Back to Blogs

Meta AI’s Ilama 3: The Most Awaited Intelligent AI-Assistant

April 19, 2024
5 mins
blog image

Meta has released Llama 3 pre-trained and instruction-fine-tuned language models with 8 billion (8B) and 70 billion (70B) parameters. These models have new features, like better reasoning, coding, and math-solving capabilities. They set a new state-of-the-art (SoTA) for models of their sizes that are open-source and you can use. This release builds upon the company's commitment to accessible, SoTA models. 

Llama 3 technology stands out because it focuses on capabilities that are tuned to specific instructions. This shows that Meta is serious about making helpful, safe AI systems that align with what users want. 

The Llama 3 family of models utilizes over 400 TFLOPS per GPU when trained on 16,000 GPUs simultaneously. The training runs were performed on two custom-built 24,000 GPU clusters.

In this article, you will learn:

  • What we know so far about the underlying Llama 3 architecture (surprisingly, it’s not a Mixture of Experts; MoE).
  • Key capabilities of the multi-parameter model.
  • Key differentiators from Llama 2 and other models.
  • The performance on benchmarks against other SoTA models.
  • Potential applications and use cases.
  • How you can test it out and plug it into your application now.

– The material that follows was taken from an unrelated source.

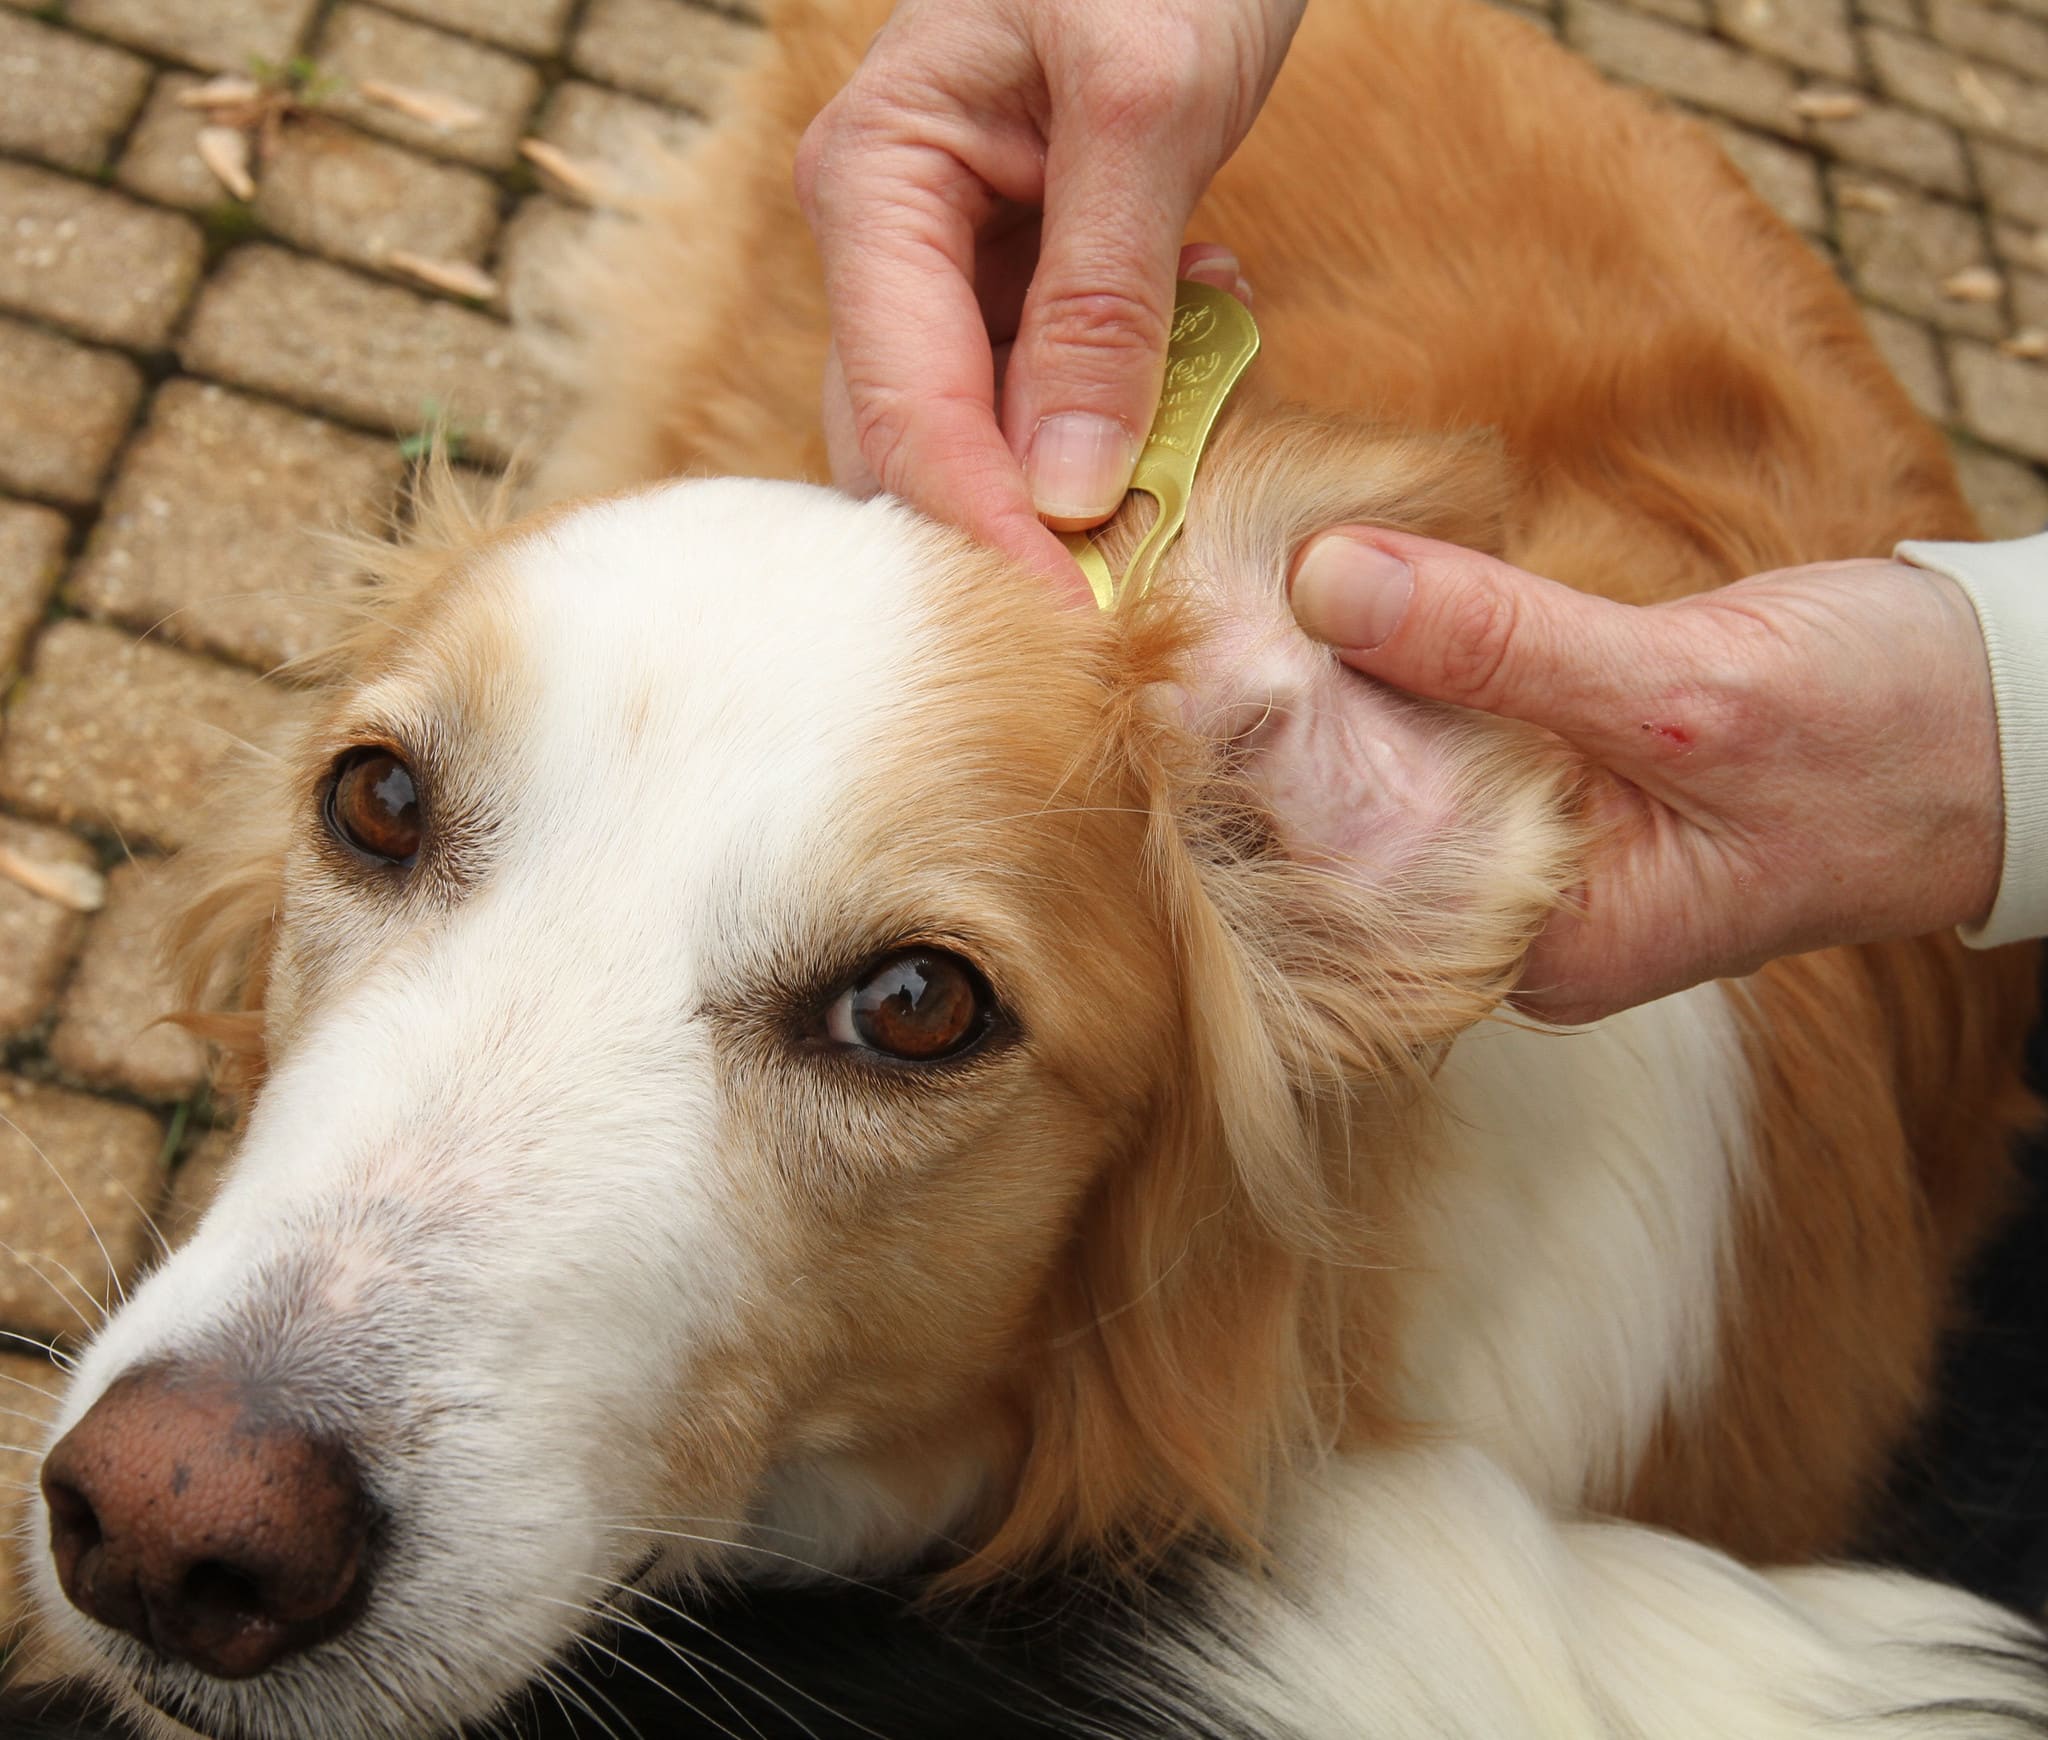 How Can I Tell If My Dog Has Lyme Disease

Here’s the TL;DR if you are pressed for time:

  • Llama 3 models come in both pre-trained and instruction-following variants.
  • Llama 3 promises increased responsiveness and accuracy in following complex instructions, which could lead to smoother user experiences with AI systems.
  • The model release includes 8B, 70B, and 400B+ parameters, which allow for flexibility in resource management and potential scalability.
  • It integrates with search engines like Google and Bing to draw on up-to-date, real-time information and augment its responses.
  • It uses a new tokenizer with a vocabulary of 128k tokens. This enables it to encode language much more efficiently. It offers notably improved token efficiency—despite the larger 8B model, Llama 3 maintains inference efficiency on par with Llama 2 7B.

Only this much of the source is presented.